Experts agree on one thing and that is they would tell you it depends on your specific situation.
In other words, either you take the situation in your own hands and act according to how you see fit, or talk to your financial adviser.
However, the decision is usually made at the time when your pension manager at work wants to give you the money. They would ask you the same question – a little at a time through an annuity or lump sum. At the time, this could be the most important but the hardest financial decision to make for the rest of your life.
What is annuity in relation to lump sum?
The annuity is generally an insurance-industry product. Folks in this industry would like you very much if you took their way to heart and choose annuity over lump sum.
However, folks whose business is purely investment management will not sit on their asses idly. They would try to talk you into taking lump sum and give it to them for investment, wholly and squarely.
No matter how much money you have accumulated as pension, no one is gonna leave you alone. That’s your hard-earned money. You should not give it to anyone without thinking and talking it over to someone honest and responsible.
I am sure you can find someone with these two characteristics though it seems kind of hard these days, considering the fact that every type of scam is on the rise.
So what do you do?
There are few all-or-nothing decisions in personal finance. This ain’t one of them. It’s entirely up to you. If you are willing to sacrifice some potential income for the assurance that you will receive steady payments, you will be best served by taking some of the money as a lump sum and some as an annuity.

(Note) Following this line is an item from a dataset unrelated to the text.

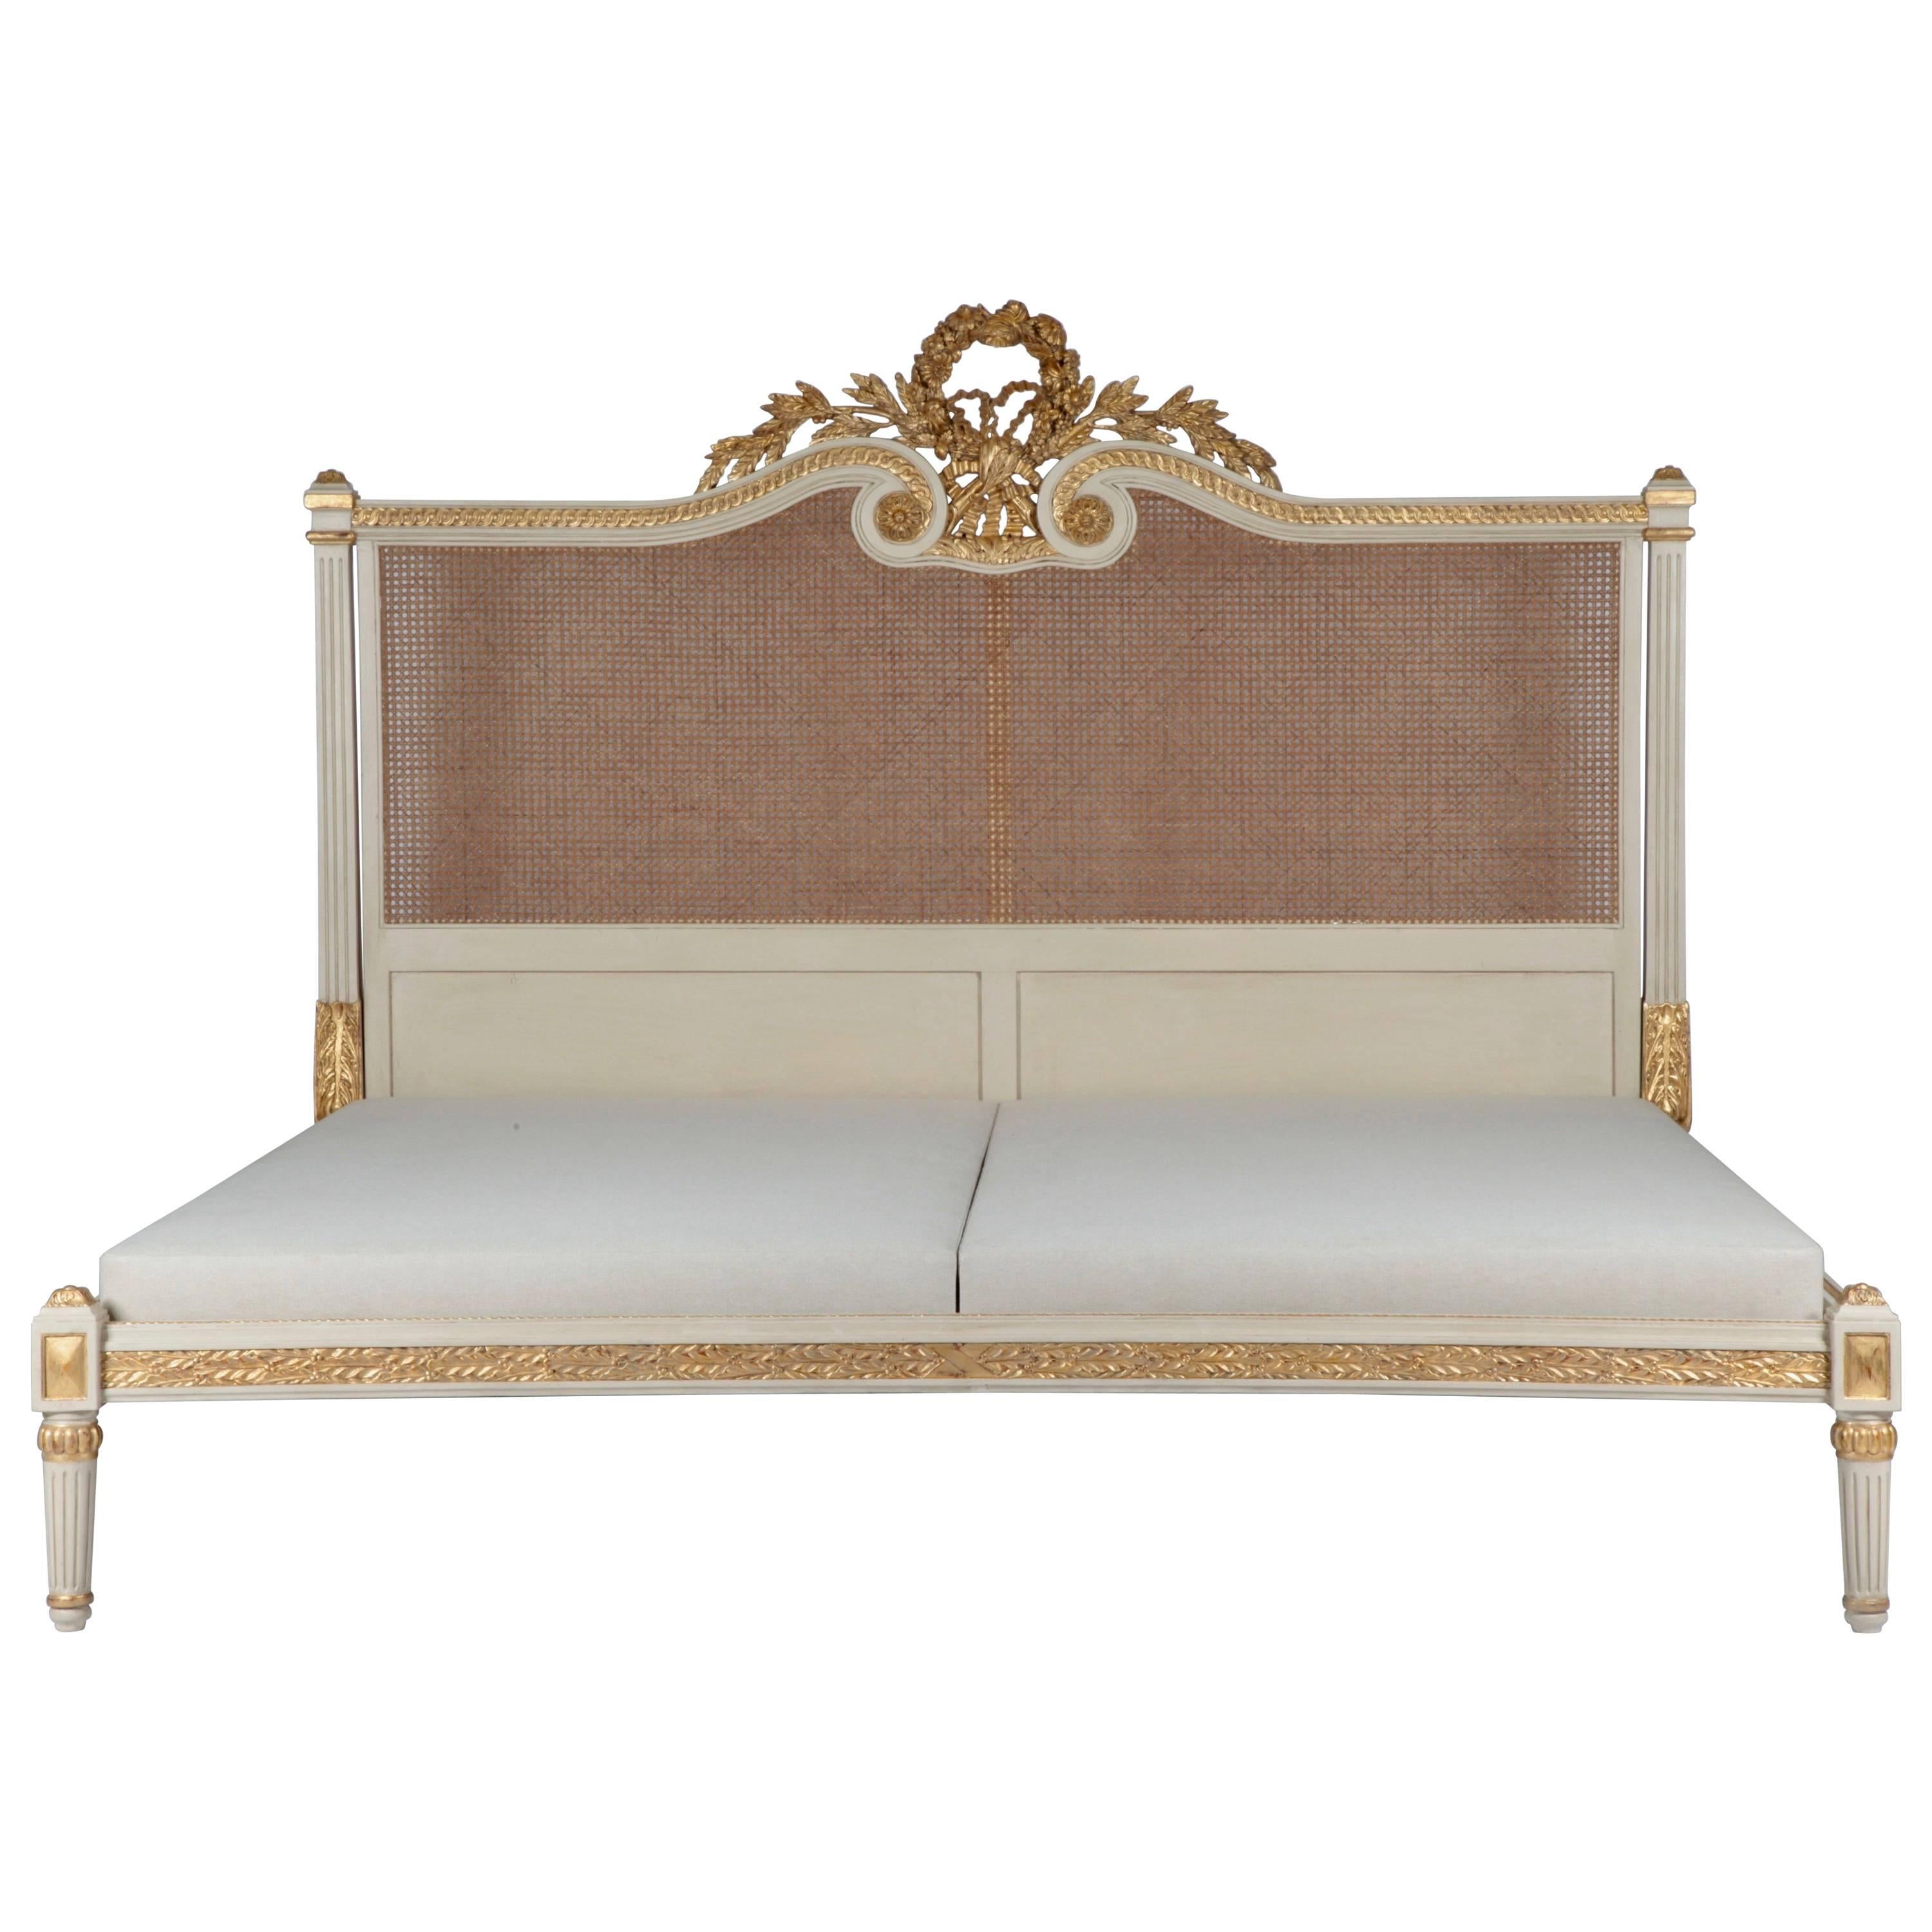 Rosace-Bett, Louis XVI.-Stil, hergestellt von La Maison London, US King-Bett Größe, Mattress-Größe

You gotta have a well thought-out strategy
If you retire at or before the normal retirement age [these days it’s hard to define retirement age], you generally should take the lump sump. Then, when you age some more, there is nothing to prevent you from investing in an annuity.
Today’s annuity programs have advanced a lot. There is what in the industry is known as “immediate payment variable annuities.” What it does is invest your money in mutual funds, and you begin receiving investment payments immediately. The important thing is you don’t have to take the annuity your employer or broker offers.
Caution: an example
It is very much common in America. We cannot escape the inevitable though we would prefer otherwise. If you or your spouse goes into a nursing home, your lump sum distribution will be used to help pay nursing home costs.
However, you wish you had chosen an annuity for part of your savings because nursing-home care has wiped out your long-term savings.
In a Nutshell
The best step to take when the time comes to retire is take the lump sum option and take annuity later for some of the money. It will at least assure a continuing income for you or your spouse, especially after you leave the nursing home.